= Data shown =
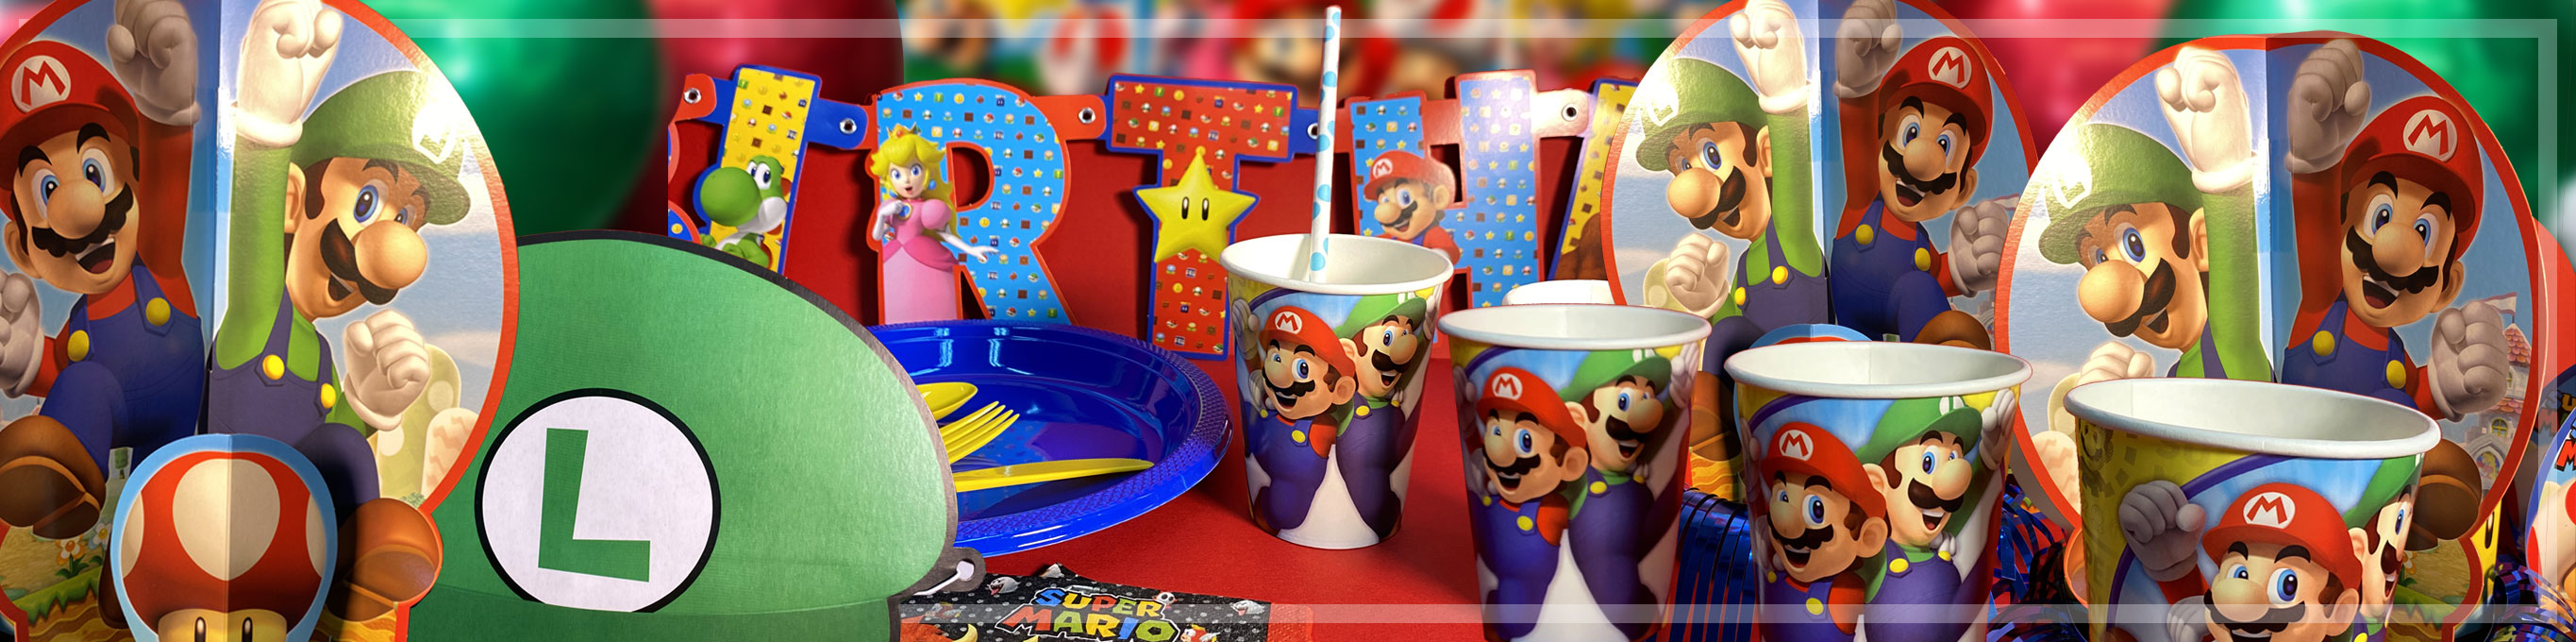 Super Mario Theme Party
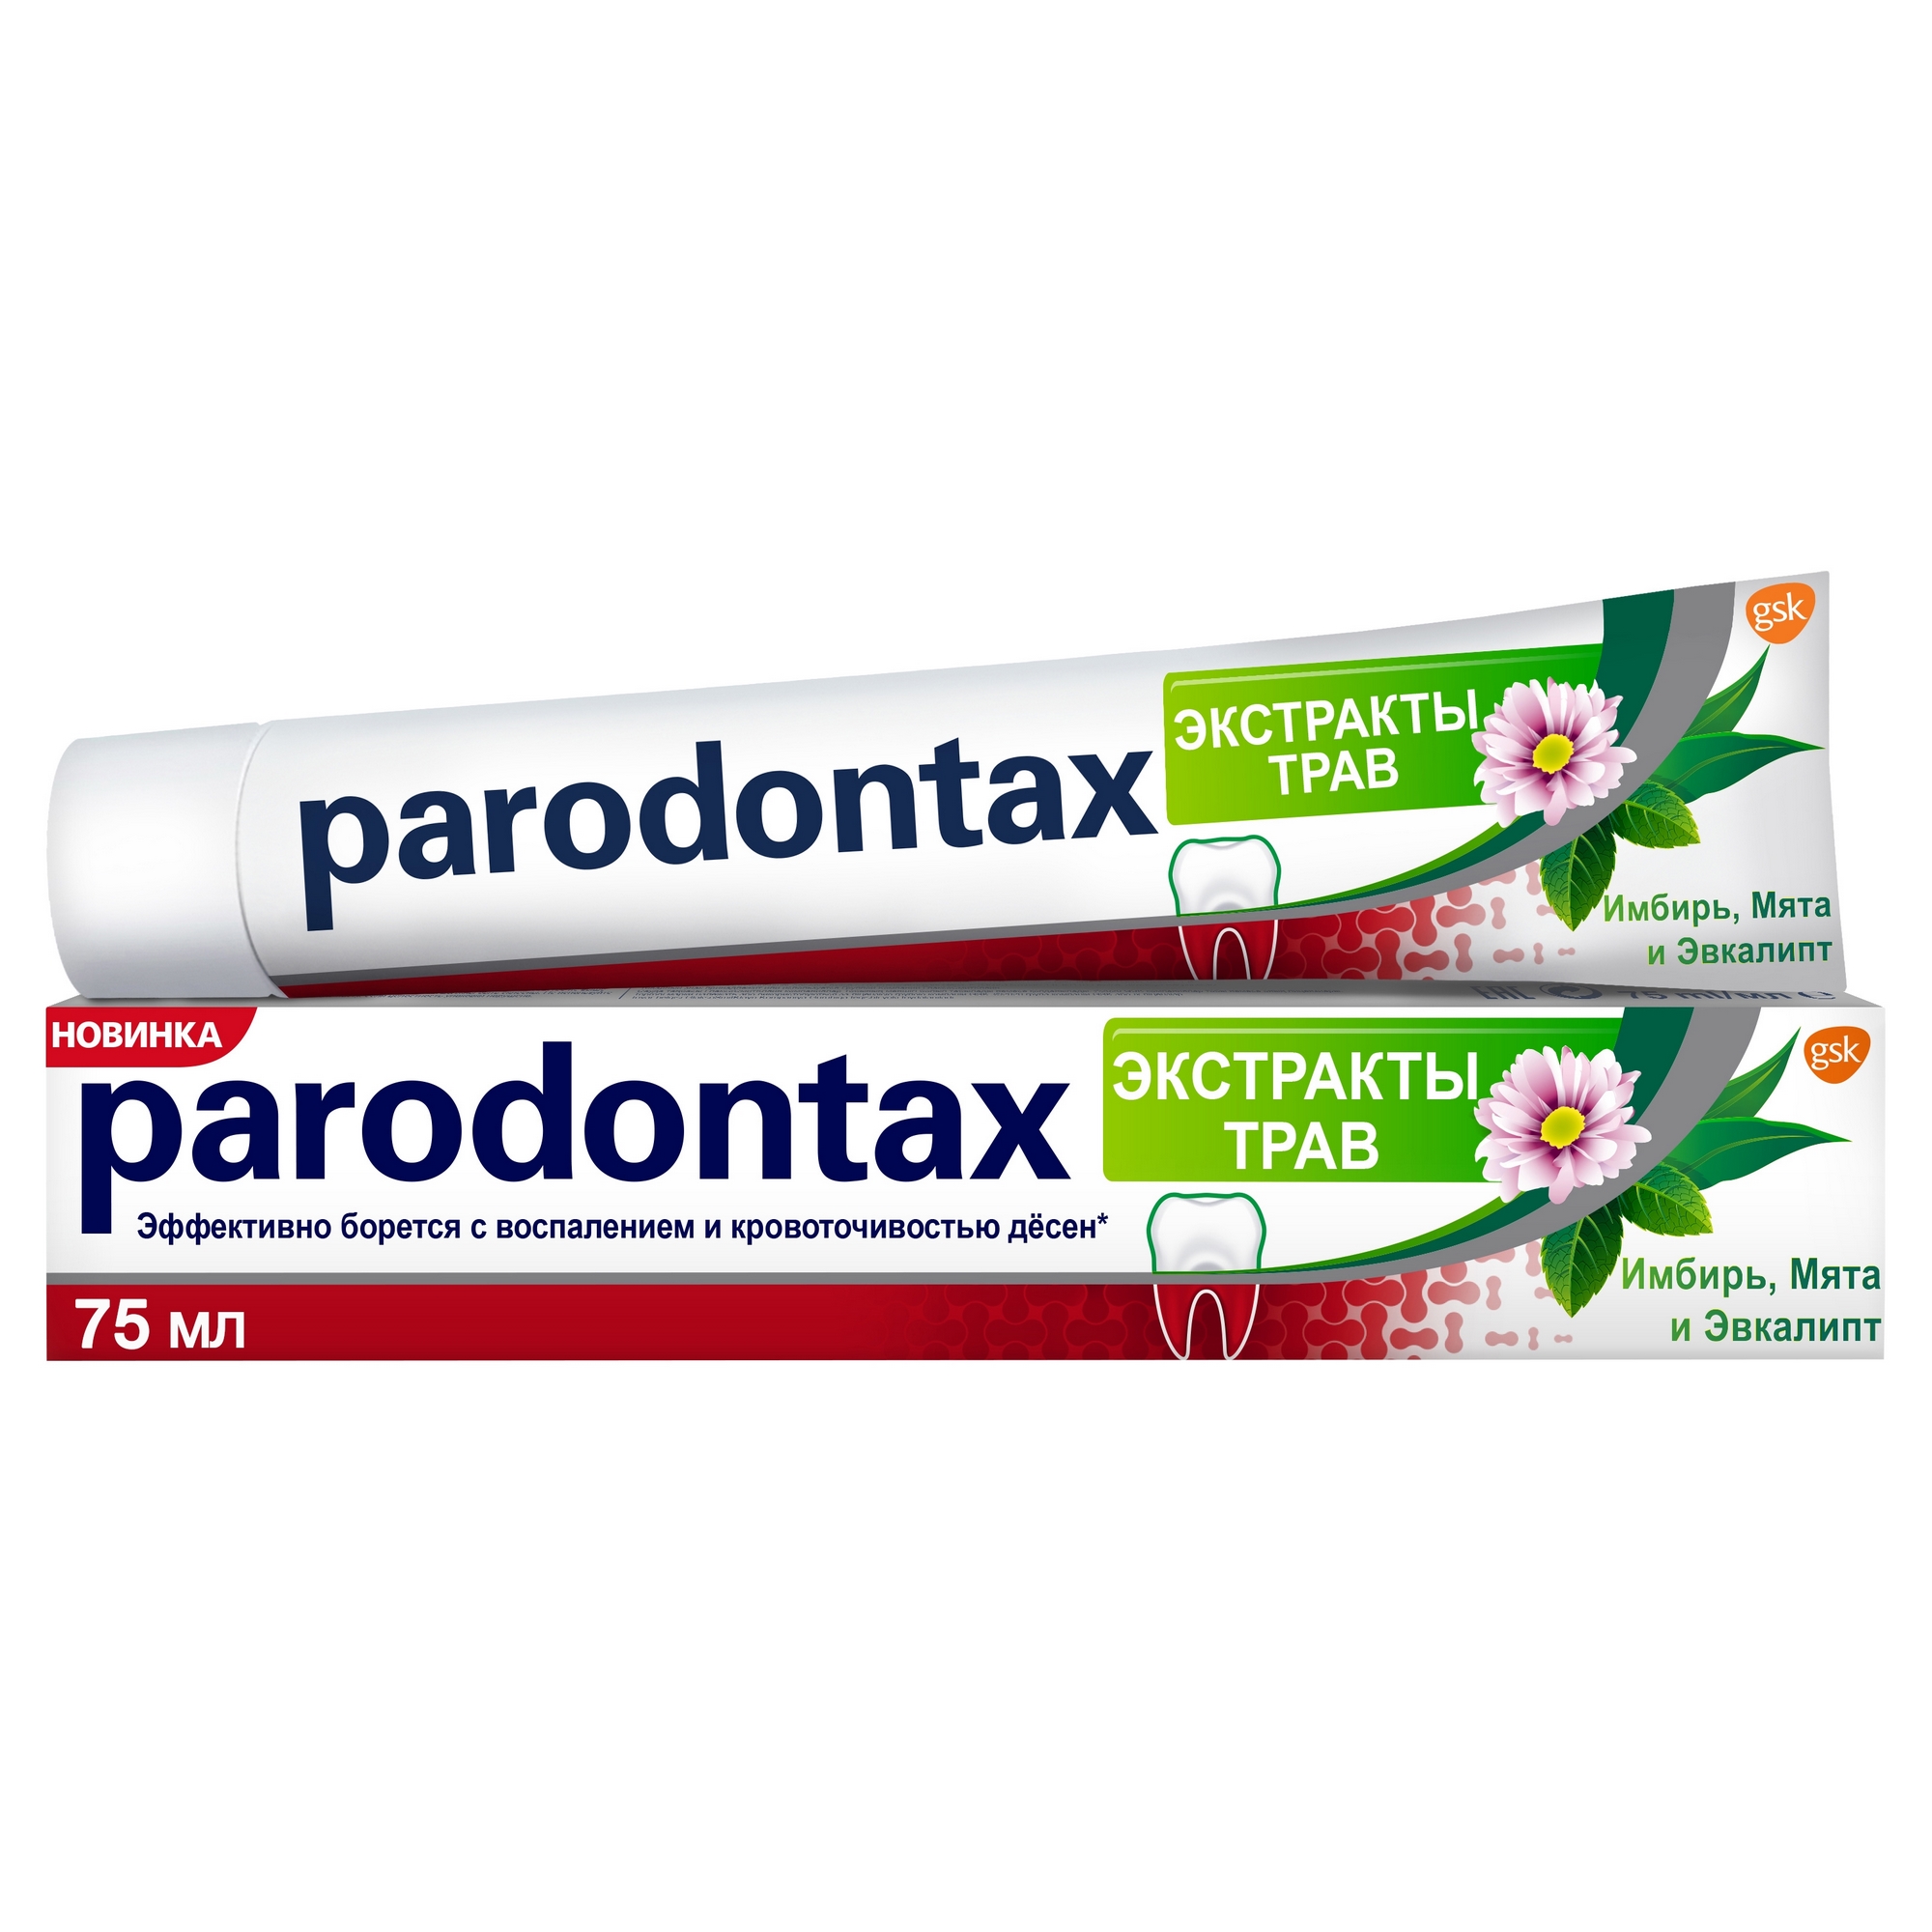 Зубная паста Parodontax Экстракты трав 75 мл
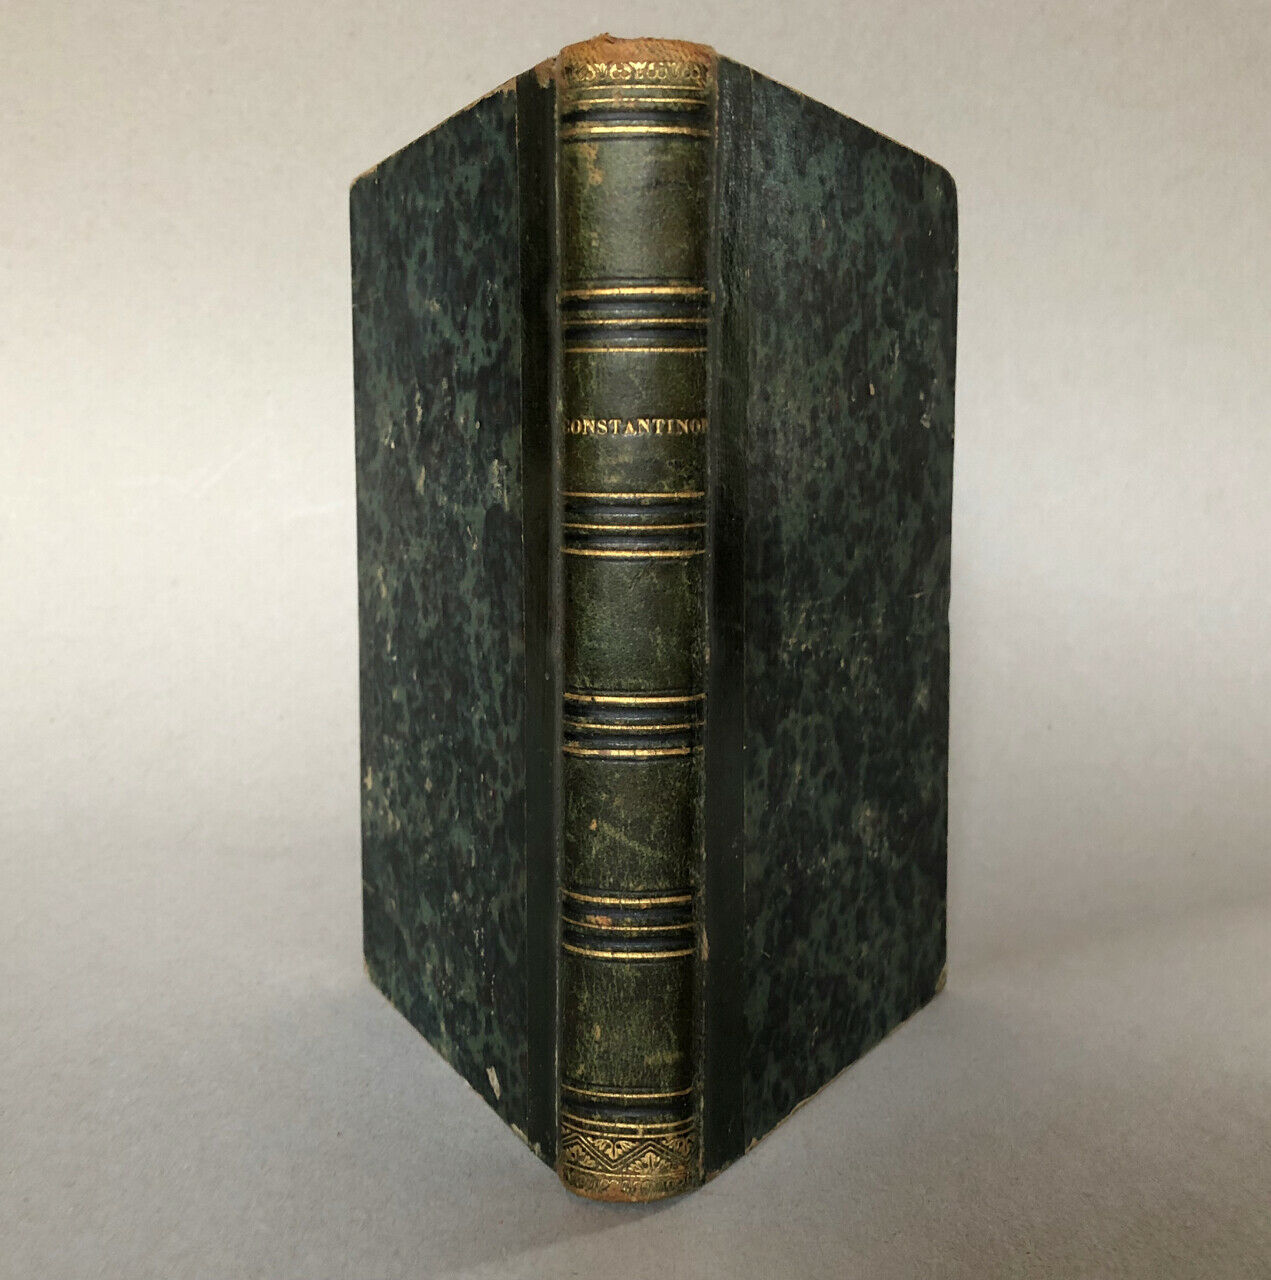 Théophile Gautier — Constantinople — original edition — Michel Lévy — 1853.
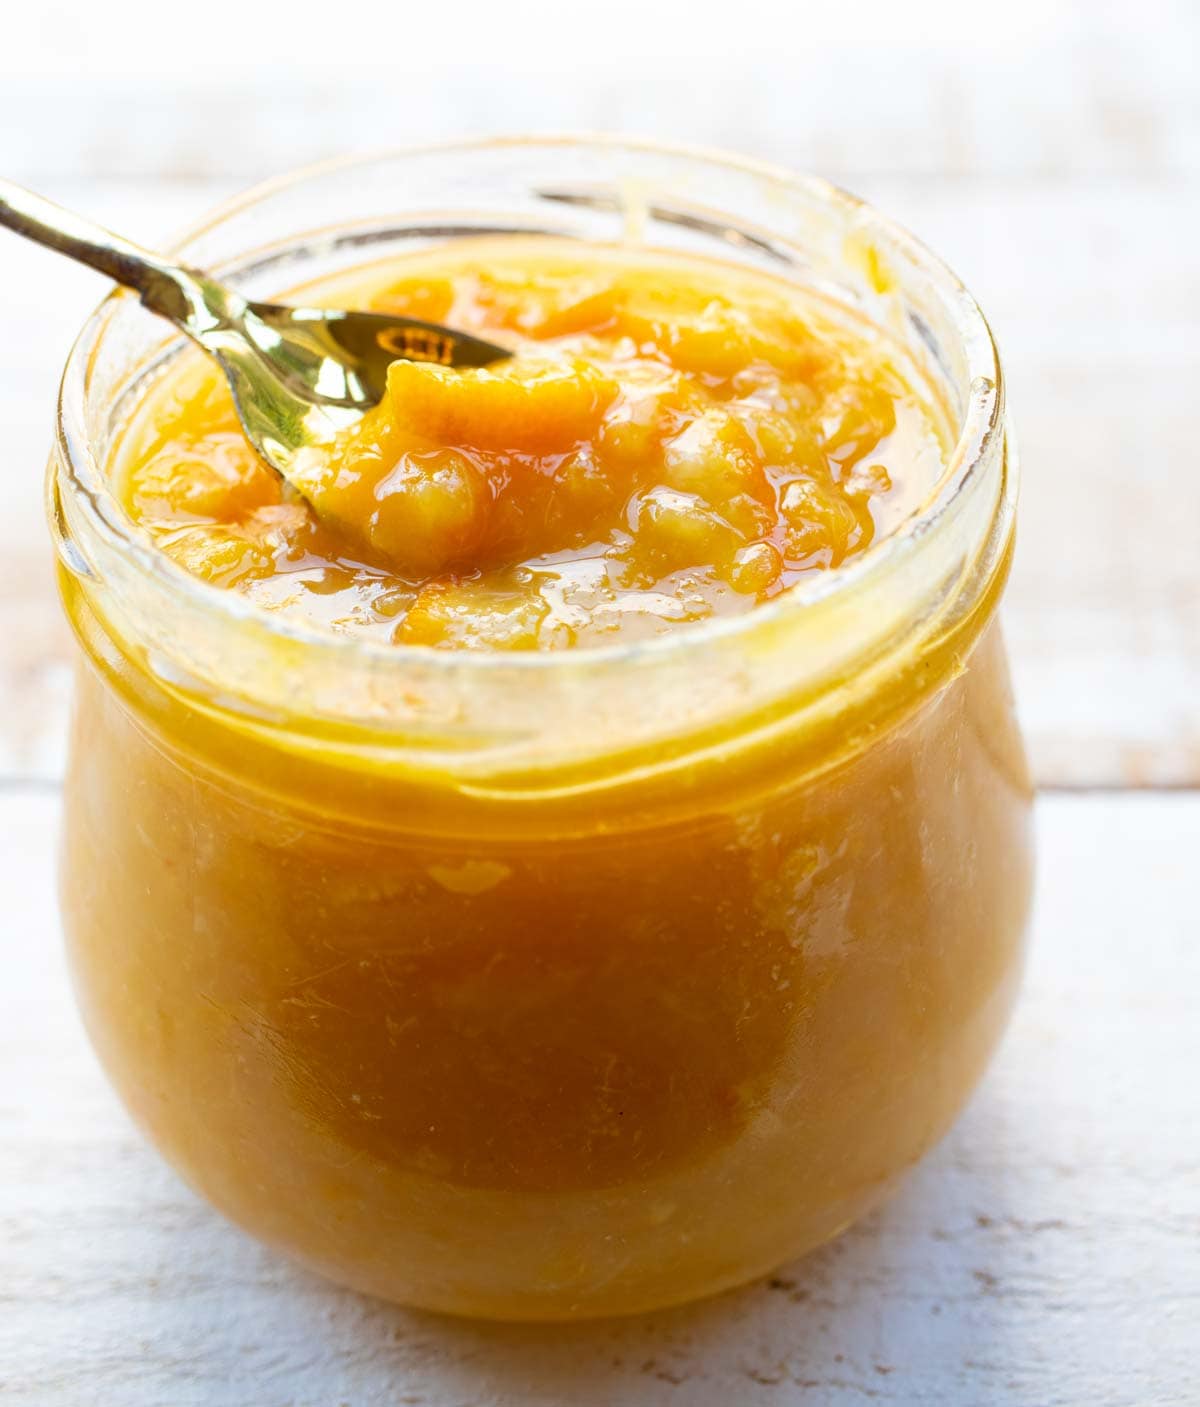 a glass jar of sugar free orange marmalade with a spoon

= Work required =
Line by line and exactly, reproduce the span from the line with "Зубная паста Parodontax Экстракты трав 75 мл" through the end of the data above, both ends included, with pictures left out.

= Expected answer =
 Зубная паста Parodontax Экстракты трав 75 мл
 Théophile Gautier — Constantinople — original edition — Michel Lévy — 1853.
 a glass jar of sugar free orange marmalade with a spoon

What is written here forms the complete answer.